I touch my lips to his cheek—not quite a kiss, just my mouth on his smooth skin. But then he turns, and our lips meet. Pure fire lights my veins, and I slide a hand into his hair, readjusting, needing this—him. Just once before he’s gone.
At that exact moment, there’s a cough from the other side of the house. Connor.
Tristan startles and pulls away.
It startles me too. Into reality.
It’s a slap in the face, but I need it. To wake me the fuck up.
He turns, rising to his knees, his eyes full of alarm, his body tense and rigid. “I'm sorry. I’m so sorry. For making such a mess.”
I avoid his eyes as well as I can and say, “Don’t worry about it. I’ll take care of it.”
“No, just tell me where your broom is.” He glances around at all his fallen hair.
“I don't have a broom.”
“Your vacuum then.”
I shake my head. I don’t have one of those yet, either, but it’s on the list.
“Dustbuster?” he asks, and he sounds desperate.
“Tristan, I’m sorry,” I say, meaning for my lack of a Dustbuster and my hands and my mouth and for everything—the mess I’ve made.
“Archer, I—Fuck.” He sighs.
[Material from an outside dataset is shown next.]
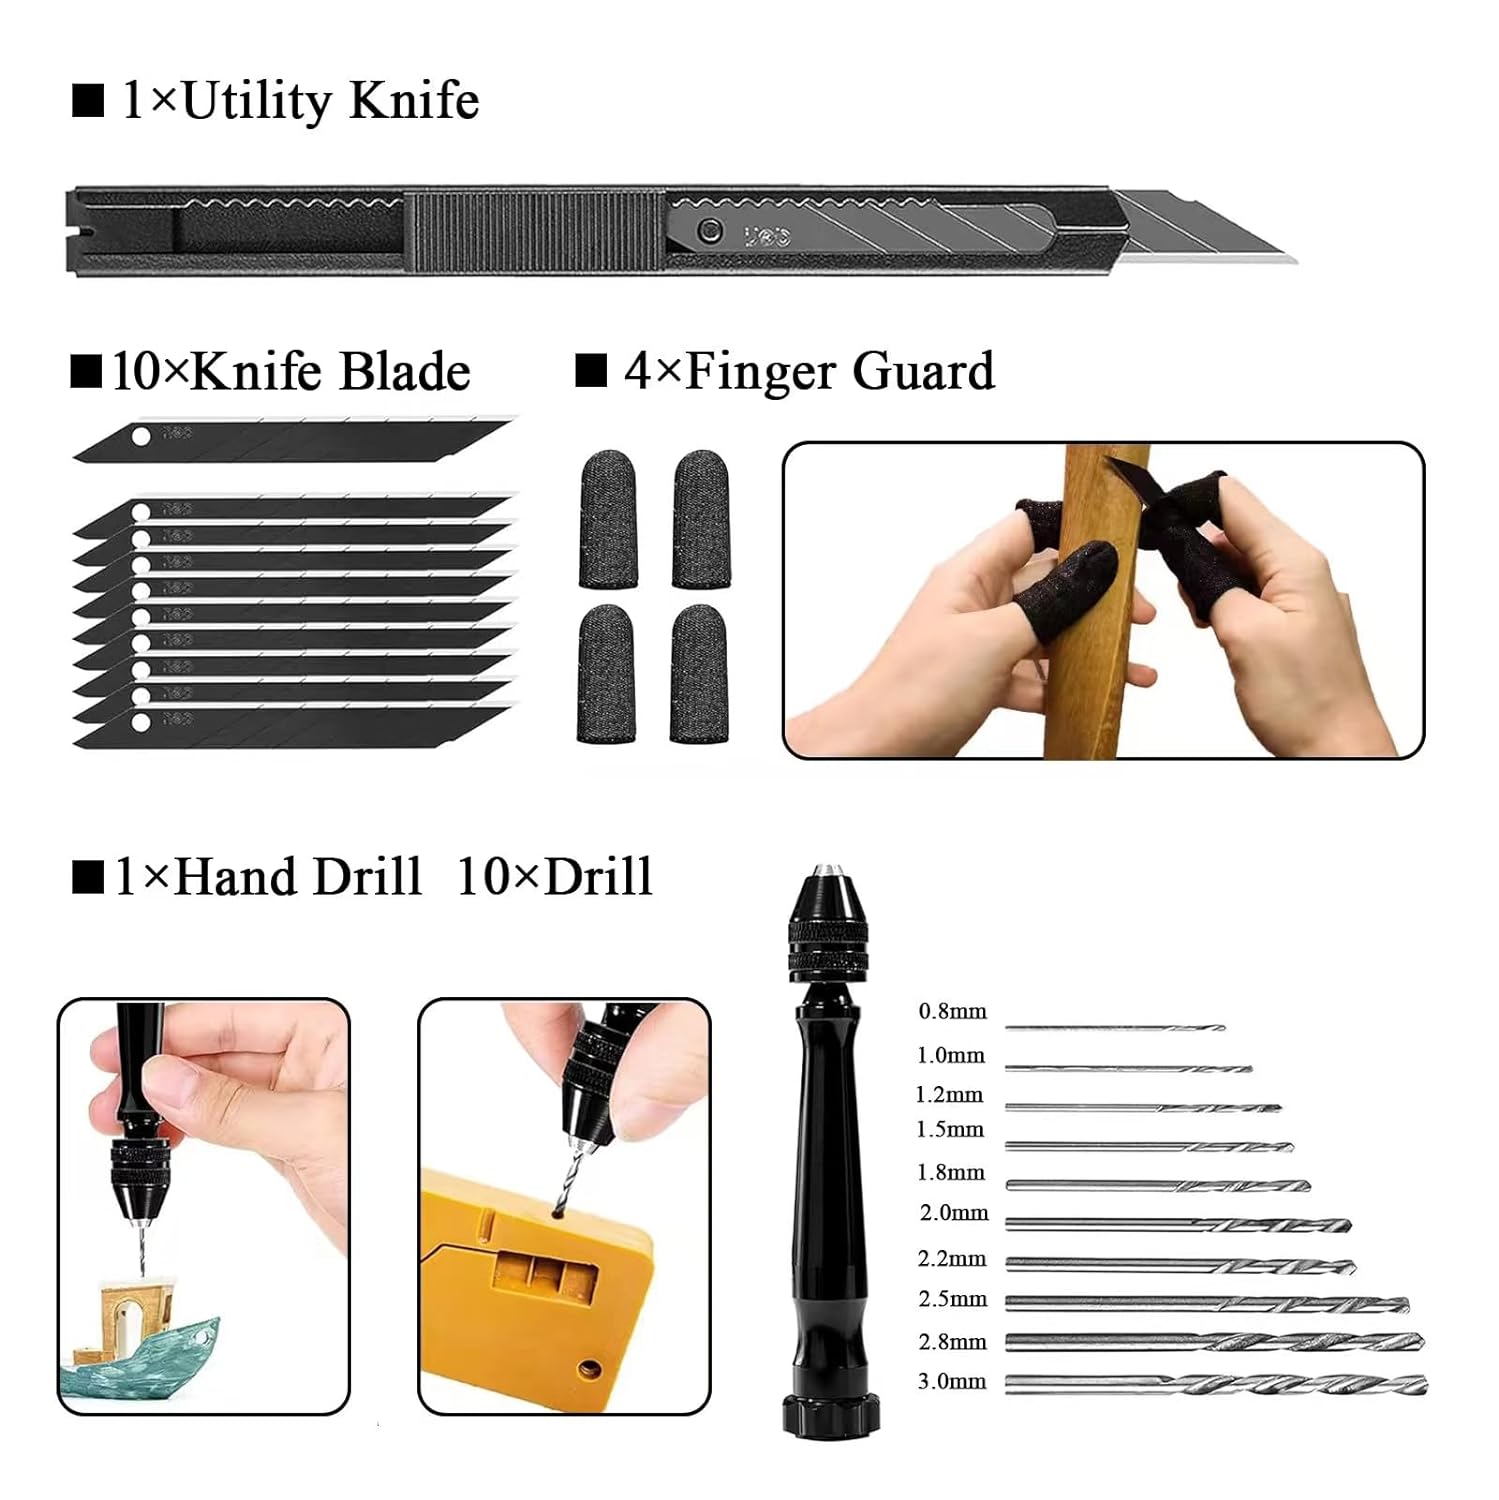 62pcs-3d-printer-tool-kit-3d-printing-accessories-includes-nozzle-cleaning-kit-deburring-tools-removal-tools-needle-file-2 62Pcs 3D Printer Tool Kit Review

He gives up. “Goodnight.” He stands, and he’s gone.
I put my head into my hands again. Rationalizing.
Trying to make sense of the existence of someone like him in my world.
Am I really supposed to let him go? If I am, then why? Why was he just right here?
Because sometimes it’s so fucking hard…
Sometimes it’s hard to tell what’s right from what you’ll regret forever.